Berdasarkan data DLH Kota Batam, pada 2018 ada 329 perusahaan penghasil limbah B3. Total volume limbah B3 sampai 140.901 ton per tahun. Sebagian limbah ditampung di Kawasan Pengelolaan Limbah Industri (KPLI) di Kabil, sekitar 20 kilometer dari pusat kota.
”Tidak semua jenis limbah B3 bisa dikelola di KPLI. Limbah copper slag, sludge oil, slop oil, dan jenis limbah B3 lain harus dikirim ke luar pulau untuk diolah. Beberapa jenis limbah B3 itulah yang sekarang menumpuk hingga 18.711 ton,” ujar Herman.
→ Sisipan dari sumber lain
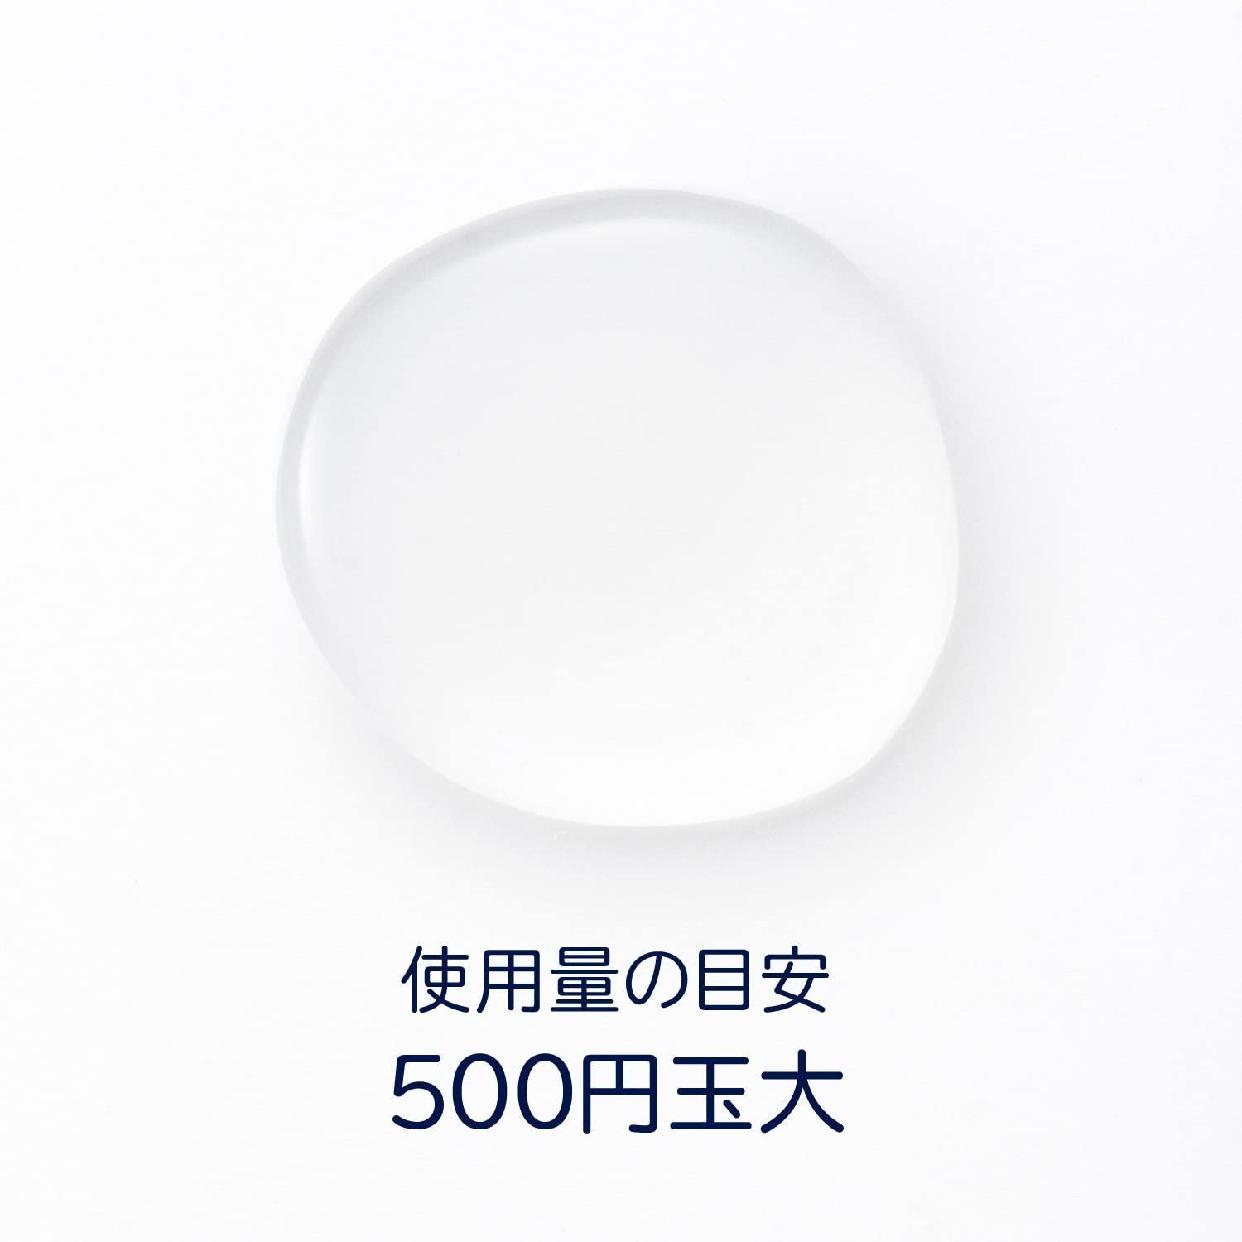 ettusais(エテュセ) オム 薬用アクネウォーター アルコールフリーの商品画像5

Selain di KPLI, penumpukan limbah B3 terjadi di 340 tempat penampungan sementara (TPS) milik perusahaan penghasil dan pengelola limbah. Hal ini membuat sejumlah pelaku industri resah dan melayangkan protes kepada pemerintah.
Wakil Ketua Koordinator Himpunan Kawasan Industri (HKI) Kepulauan Riau Tjaw Hioeng mengatakan, sejumlah perusahaan penghasil limbah B3 berencana menambah jumlah TPS karena tumpukan limbah semakin menggunung. Hal ini karena KPLI sudah penuh dan tidak bisa lagi menampung tambahan limbah B3.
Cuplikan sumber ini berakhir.